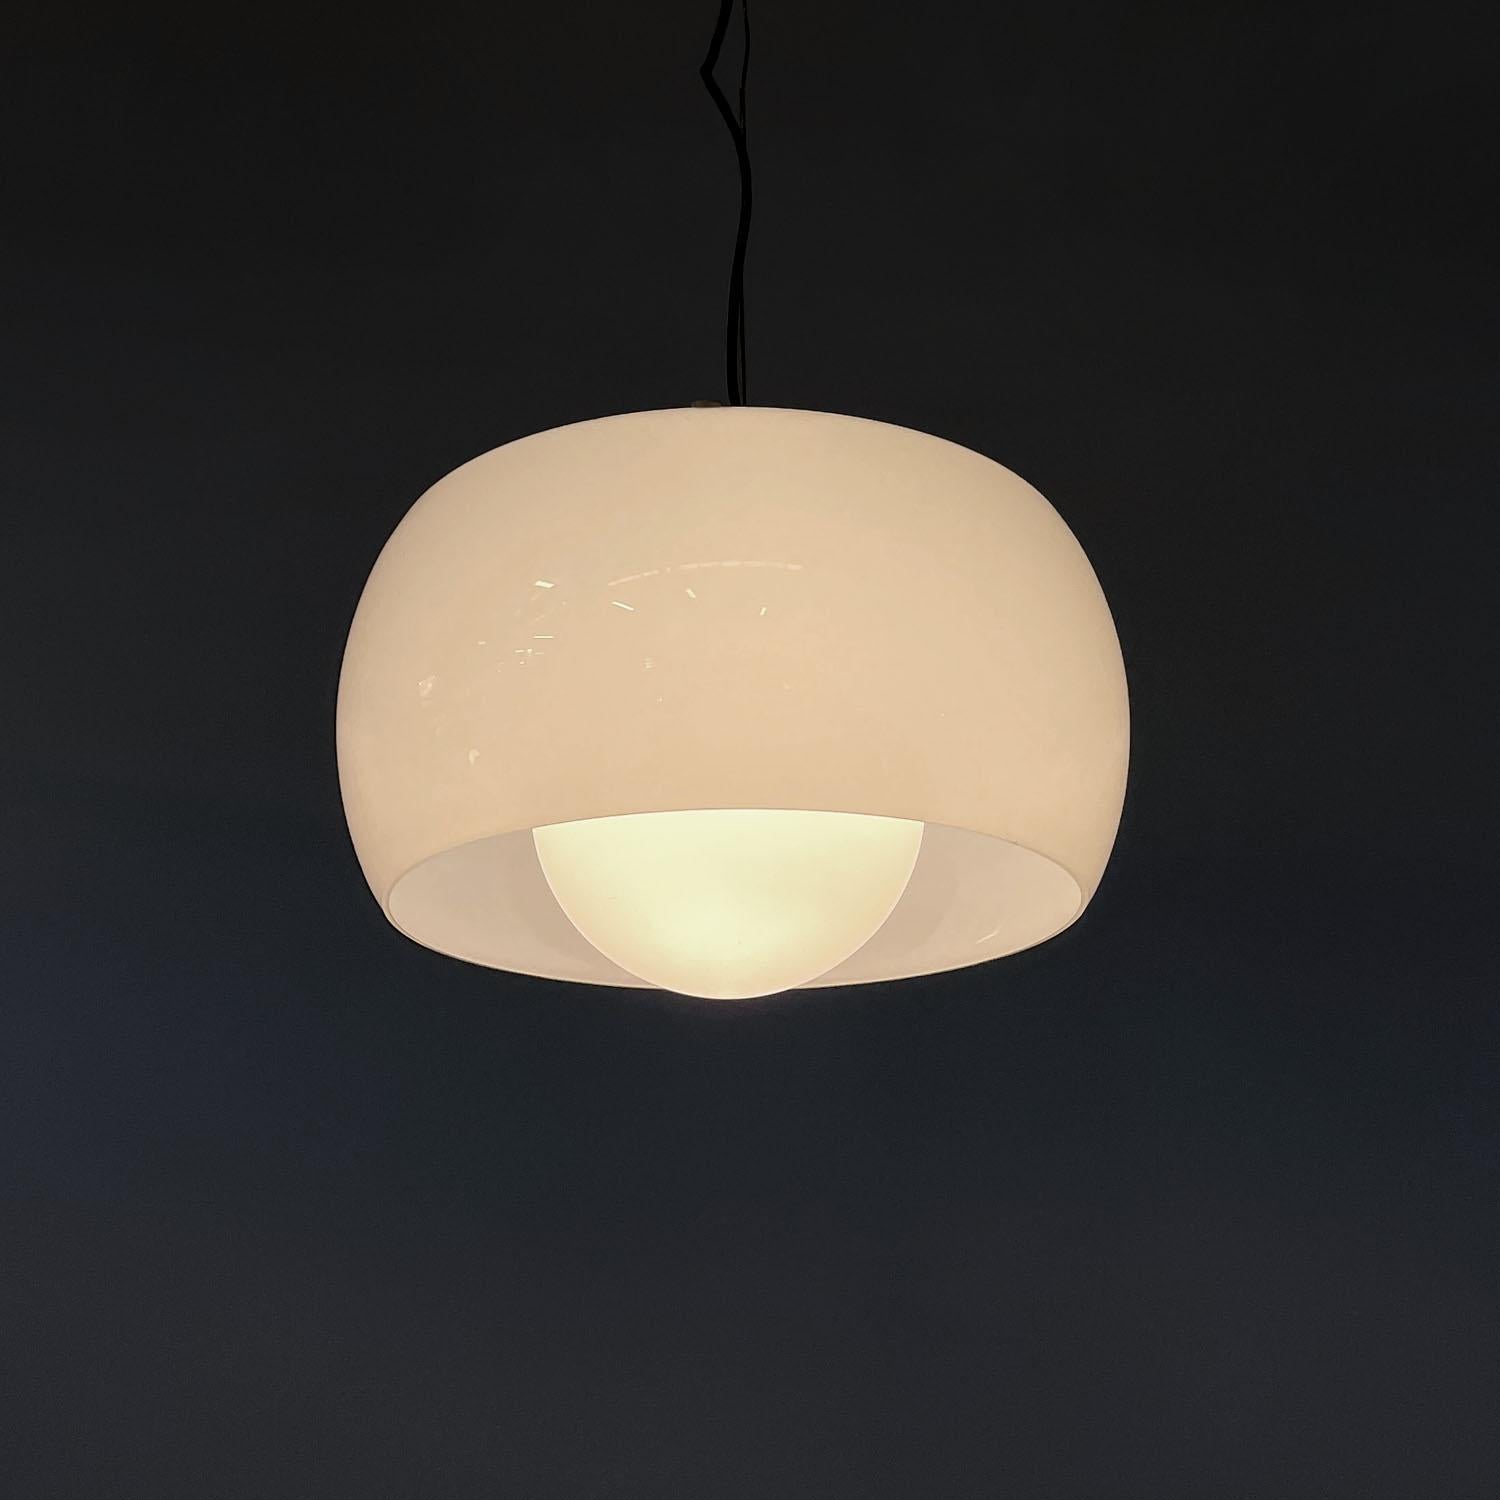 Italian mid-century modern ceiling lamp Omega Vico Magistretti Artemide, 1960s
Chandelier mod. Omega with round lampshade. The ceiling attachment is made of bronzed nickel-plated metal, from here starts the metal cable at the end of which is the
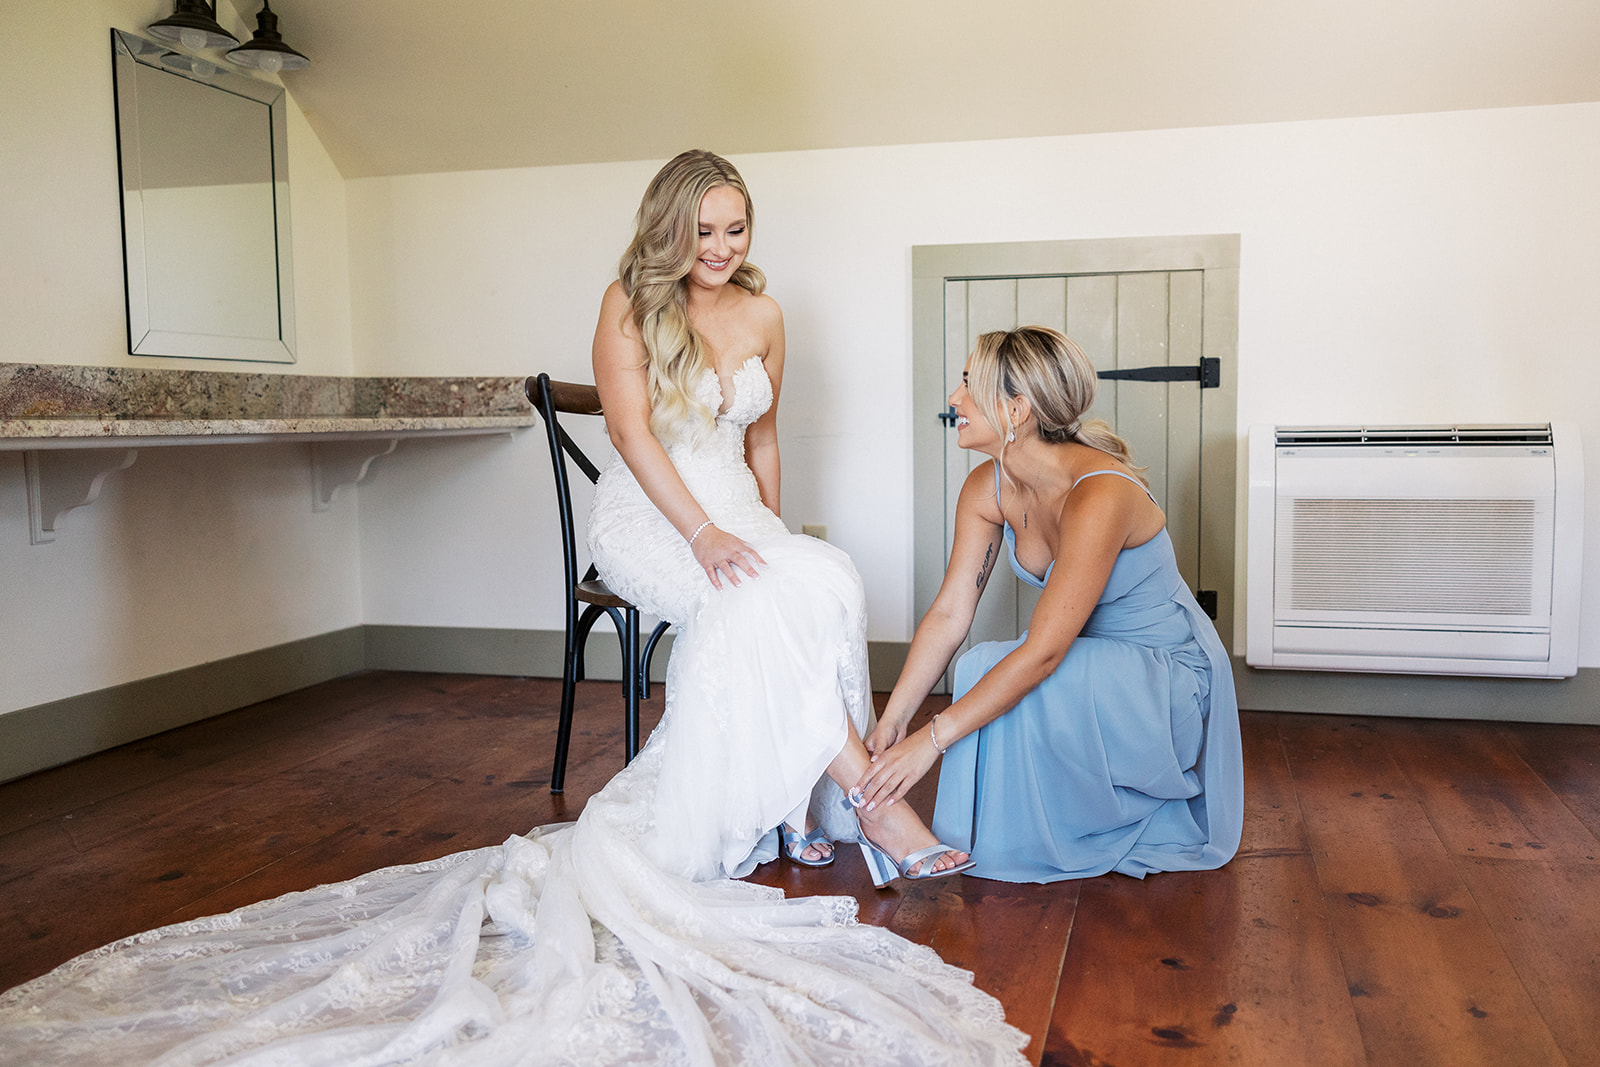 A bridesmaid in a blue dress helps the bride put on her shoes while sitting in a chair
========================
*PROBLEM REQUIREMENTS*
Please retype the listing exactly, leaving out any images.

*SOLUTION TO THIS TASK*
 Italian mid-century modern ceiling lamp Omega Vico Magistretti Artemide, 1960s
Chandelier mod. Omega with round lampshade. The ceiling attachment is made of bronzed nickel-plated metal, from here starts the metal cable at the end of which is the
 A bridesmaid in a blue dress helps the bride put on her shoes while sitting in a chair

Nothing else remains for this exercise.